News & Events

Patient advocacy also means we support one another as professionals

From the Massachusetts Nurse Newsletter
October/November 2011 Edition

By Tom Breslin
Associate Director, Labor Education & Training

From the “You Can’t Make This Up Department”: I was recently talking with a nurse from an NNU-represented hospital who worked in the ER for 35 years. One night a patient came in who was infected with lice. The physician on duty directed that the patient’s clothes be taken away and that the drapes, the stretcher and all equipment in the area be removed to avoid those things being contaminated. The patient ended up lying naked on the ER floor. This nurse intervened and advocated for the patient and had the stretcher and linens put back so the patient had somewhere to lie and so that he could be covered. Two days later she was fired. This is a true story. I am not capable of making up something this outrageous.
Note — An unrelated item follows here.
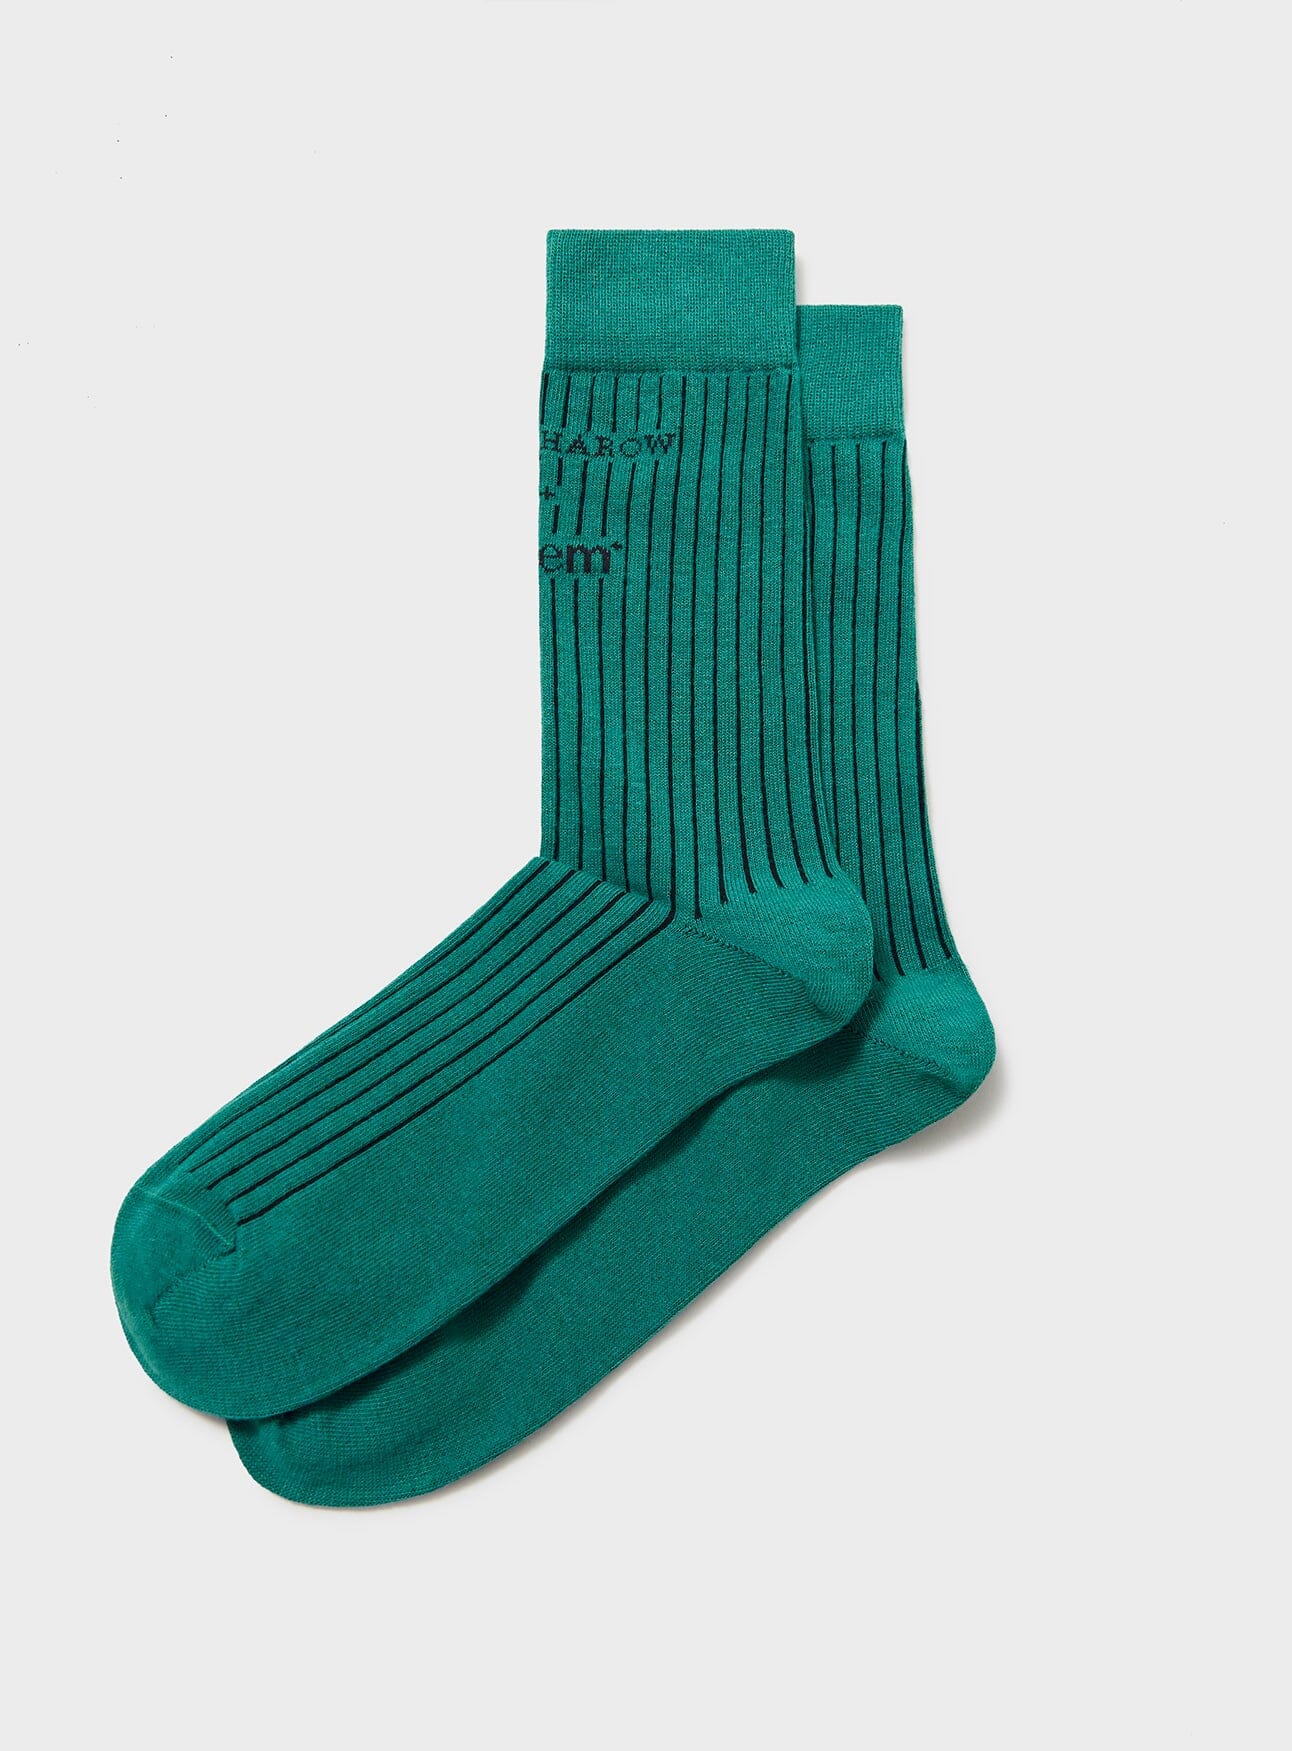 Recycled Men's Socks - Green Neem London

The hospital, of course, concocted some other reason for her termination. She is accused of being intimidating toward a scab from a strike a few years ago and swearing in the break room, using the word “ass.” While I realize that swearing in a nurses’ break room has never happened in the history of American health care, even I had a hard time believing that a nurse with her tenure would be terminated for these offenses, even if they actually happened.

I don’t want to make light of this situation. This has had a massive impact on this particular nurse, her family and their future. Her ability to make mortgage payments, etc. is gone and will be gone until she gets her job back. She will have to figure out what to do in the year or so it will take to get her grievance to arbitration in order to provide for herself and her family.

What is encouraging in this situation is that her fellow nurses have taken on her termination and are fighting back as a united bargaining unit.

While this did not happen in Massachusetts, that is not to say that we don’t have our share of similar discipline situations. I don’t think it’s a stretch to say that there are more senior nurses being disciplined and disciplined more severely than in the past.

There may be a variety of reasons for this, but I think two reasons are clear. Whether warranted or not, management wants to cut costs, regardless of whether the hospital is for profit or not-for-profit and regardless of whether they are profitable. The easiest way to cut those costs is to get rid of the people who are at the top of the scale so that they can be replaced with less expensive nurses who also may, incidentally, be less likely to advocate for themselves or their patients.

The second reason is more onerous. It can only take one of these terminations to create and distribute a culture of fear in a hospital and take the life out of a bargaining unit. This obviously benefits management by creating a culture of fear in the unit, decreasing the probability that nurses will speak up for patients in the future. What we need to do is to put life into our bargaining unit so it can quickly and effectively respond to a situation like this.

Whether the issue is a nurse who is being disciplined on a trumped-up documentation issue or a nurse disciplined because she attempted to warn others in the bargaining unit about unsafe and potentially violent conditions on her floor, the issue is continued and repeated attempts by hospitals to silence nurses.

Certainly, grievances should be filed and, in extreme cases like these, will likely be won. After all, the grievance section of our contract is the method that we have to enforce the contract and protect nurses’ rights. But it is important to remember that the grievance process is a tool, not the solution. Grievances by themselves don’t build stronger bargaining units. In addition, the employer might attempt to delay the process by refusing to respond to information requests or other tactics. Nurses often have to wait as long as 18 months to finally get an arbitration hearing. While it is gratifying to win a grievance—either at arbitration or before—winning a grievance one to two years after it has been filed does not always do anything to build the union. An employer will likely be willing to make the trade of having to pay back pay in exchange for silencing nurse activists for a year or two.

The other choice the union has is to engage in collective action in response to the employers’ action. The key here is to engage the bargaining unit, in this case, in support of disciplined nurses. This is critical for the employer to understand that the bargaining unit supports individual nurses and that the nurses are united, mobilized, motivated and will not back away from their role as patient advocates. Bargaining unit support for grievances like these is critical in building a strong visible bargaining unit. Building a model which lends itself to collective action, while a challenge, is effective in not only the grievance process, but contract negotiations, political activity and in every activity the union engages in.

It will be easier for nurses to accept the premise that they have a responsibility to each other if they realize that an action taken against one of them could just as easily happen to any of them. Helping nurses to understand that the advocacy role they accept on behalf of their patients also applies to each other will go a long way toward achieving the goal of building a unit in which nurses support each other and are willing to engage in the actions necessary to force the employer to view the bargaining unit in a much different light.

I do not yet know what will happen to the ER nurse I mentioned earlier. I am confident that she will prevail, that she will get her job back and will return to her practice in the emergency room and to continue to advocate for those who have no voice. I am confident of this because I know that she not only has the unconditional support of the nurses in her hospital, but the nurses there are also willing to take on her issue both to the employer and to the public. This is what I hope we can achieve for all nurses in all our bargaining units.